As background reading I will recommend you read:

The JavaCC FAQ

You can download a free copy of JavaCC from the website JavaCC Home

The Java Tree Builder tool can be found on

JTB: The Java Tree Builder Homepage

The JLex system can be found on the following URL

http://www.cs.princeton.edu/~appel/modern/java/JLex/

You can find a C# version of JLex on the following URL: C# Lex Manual

An alternative LL(1) compiler generator is the Compiler Generator Coco/R. There are versions of CoCo/R for Java, C#, C++, Oberon, Modula-2 and Pascal.

An alternative LL(k) compiler generator is the ANTLR Parser Generator. There are versions of ANTLR for many languages. You can follow this link to An Introduction To ANTLR using Java.

You can find information about StreamTokenizer hos Sun:

StreamTokenizer (Java 2 Platform SE 5.0)

And here is an example usage:

Tokenizing Java Source Code (Java Developers Almanac Example)

Exercises

Exercises for lecture 4 will be done from 12.30 till 14.15 before Lecture 5 on Tuesday the 6th of March.

Individual Exercises

The following exercises you may prefer to do on your own, e.g. just after you have read the literature, and discuss the outcome with your group:

Do Watt and Brown exercise 4.17 page 134
Do Watt and Brown exercise 4.18 page 134
Do Watt and Brown exercise 4.19 page 134
Download and install JLex.

Try JLex on the sample grammar sample.lex:

http://www.cs.princeton.edu/~appel/modern/java/JLex/current/sample.lex

Download and install JavaCC. Look at the file Calc2i.jj Copy the file to an empty directory.
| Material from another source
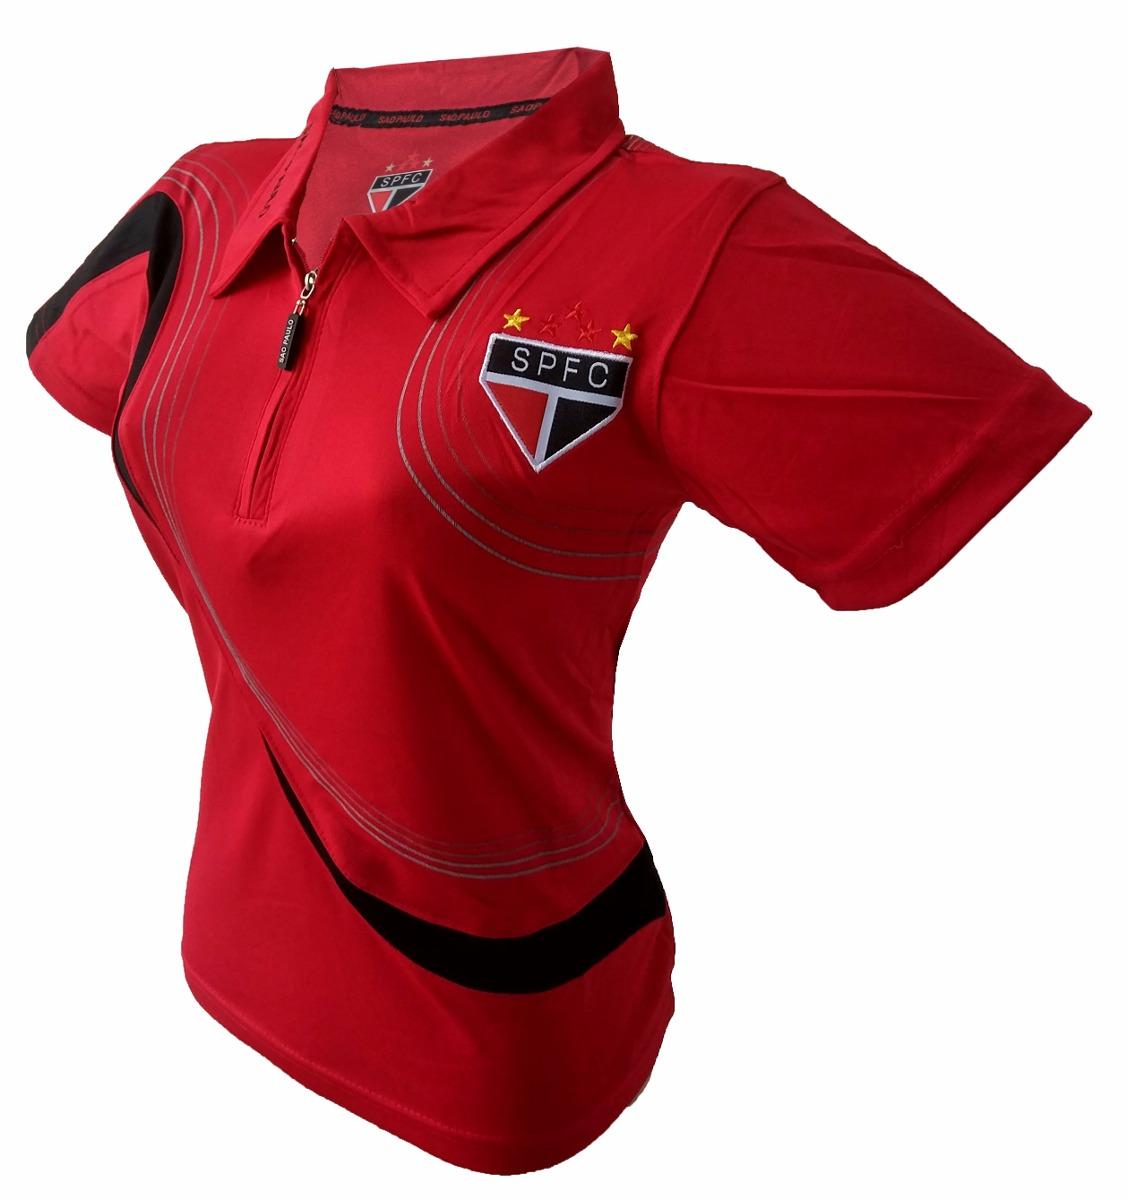 6e0a4ee8081c7b  Camisa Feminina São Paulo Oficial Baby Look -promoção - R  49 bb7c6696896bc

Run Javacc on the file. Look at the .java files. Run javac *.java and java Calc2i

Try some of the JavaCC examples in examples directory in the JavaCC distribution

Look at the files eg1.jjt and eg4.jjt in the examples/JJTreeExamples directory. Copy the files to two new directories. Run jjtree on each of the files and look at the generated .jj files and .java files. The run javacc on the .jj file and javac *.jj. Then run java eg1, resp. java eg4

Group Exercises

The following exercises are best done as group discussions:

Discuss the outcome of the individual exercises
The lexical symbols of a programming language can be recognized by deterministic finite state automatons (DFA). These automatons can be described by state/transition diagrams where each node represents a state, and each edge a state transition ("circles-and-arrows"). Edges in a state diagram are labelled by lexical symbols that are read by the transitions. The start state can be marked by a special in-coming arrow, and final accepting states are often marked as "doubled" circles (see the slides from the lecture).

Given an alphabet A = { 0, 1 }, and the languages defined by the following rules (a) - (e), construct (by hand) a deterministic finite state automaton recognizing each language. Represent your automatons as state diagrams.
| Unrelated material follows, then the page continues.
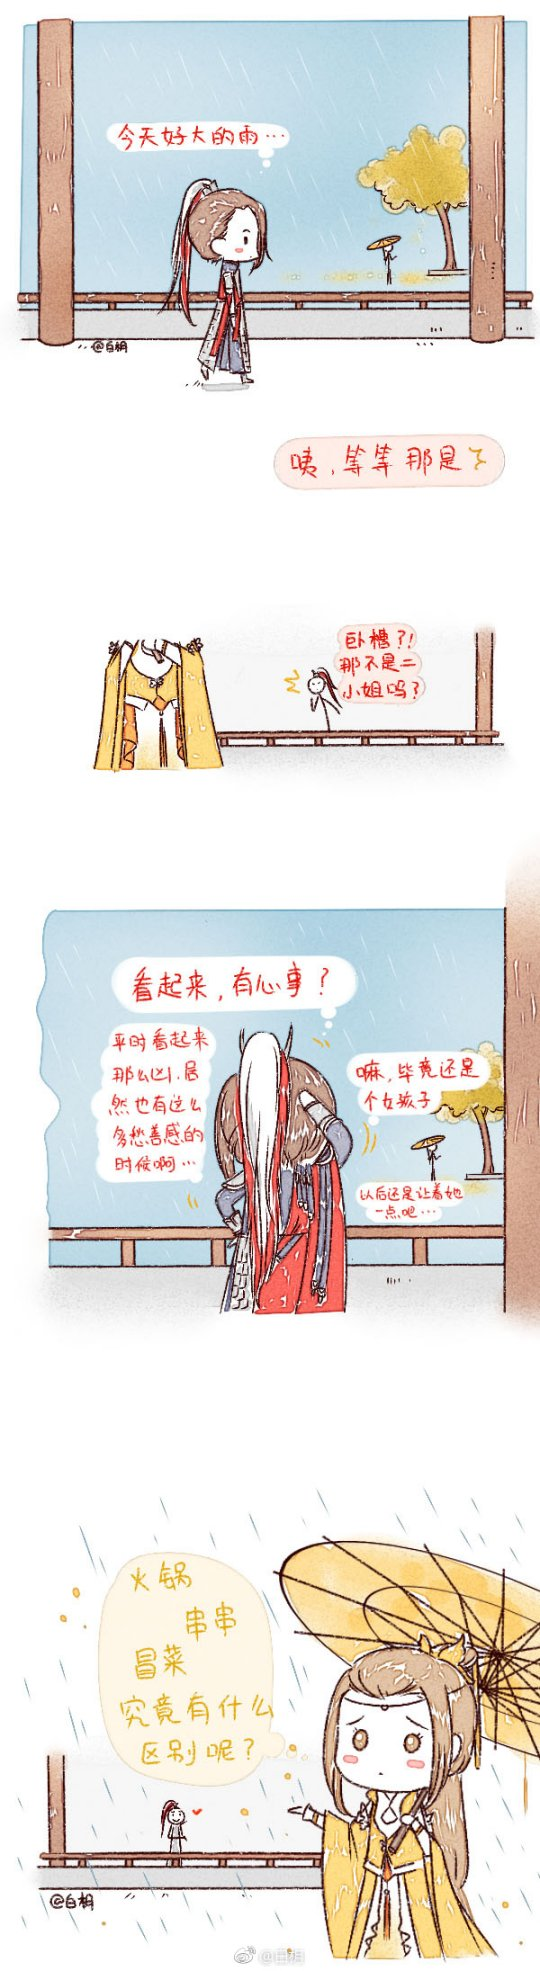 剑网同人 (5).jpg

(a)	The string of three characters, 101.
(b)	All strings of arbitrary length that end in 101.
(c)	All strings that contain a 101 at least once anywhere.
(d)	All strings that contain no consecutive ones.
(e)	All strings in which the number of zeros is even.

Unsigned numbers in Algol-60 are given by the following regular description:

digit = '0'|'1'|'2'|'3'|'4'|'5'|'6'|'7'|'8'|'9'
integer = digit digit*
sign = '+'|'-'
exponent = 'e' (sign | empty) integer
number = integer('.' integer | empty) (exponent | empty) | exponent

Construct a DFA to recognize this language, and represent it as a state diagram. You may find it useful to construct a NDFA-ε, then convert it to a NDFA and finally convert it to a DFA

(a) Construct a state diagram for an DFA which accepts identifiers which obey the following rules.
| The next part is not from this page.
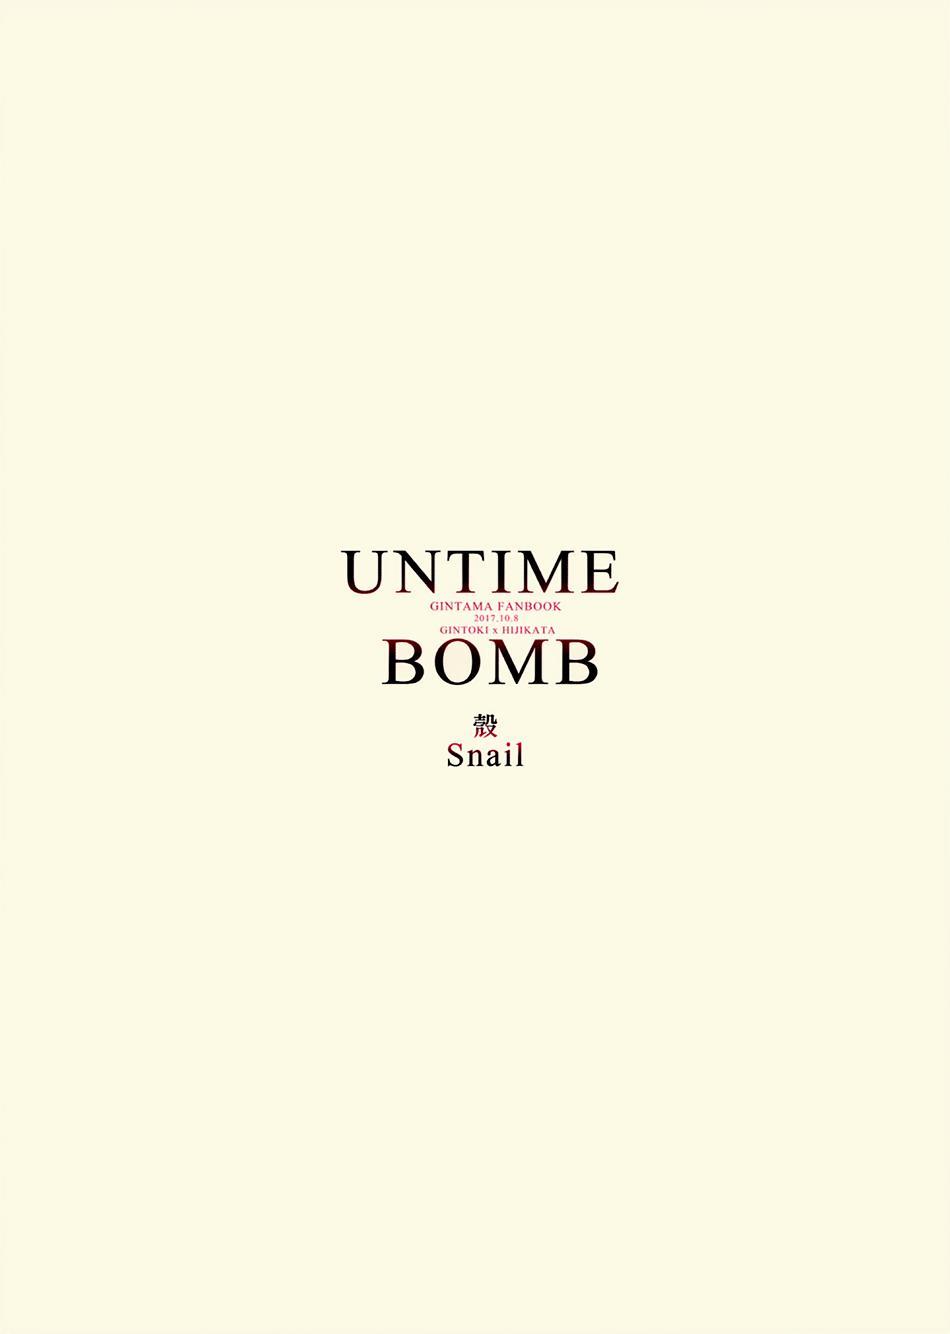 UNTIME BOMB 53

The first character must be alphabetic (a letter); following characters may be alphabetic, numeric, or the underscore character; however, an underscore may not be final character, and two underscores may not be adjacent.

(b) Express the automaton as a regular expression. Use concatenation, alternation (|), closure (*), and, if needed, parentheses for grouping the items. You may find it helpful to introduce short-hand notation to represent any character that is a member of a small specified set, and another notation for a character that is not a member of a given set.

Compare writing a lexer by hand with using JLex. Compare with JavaCC (and possibly CoCo/R and/or ANTLR) and list pros and cons of each system.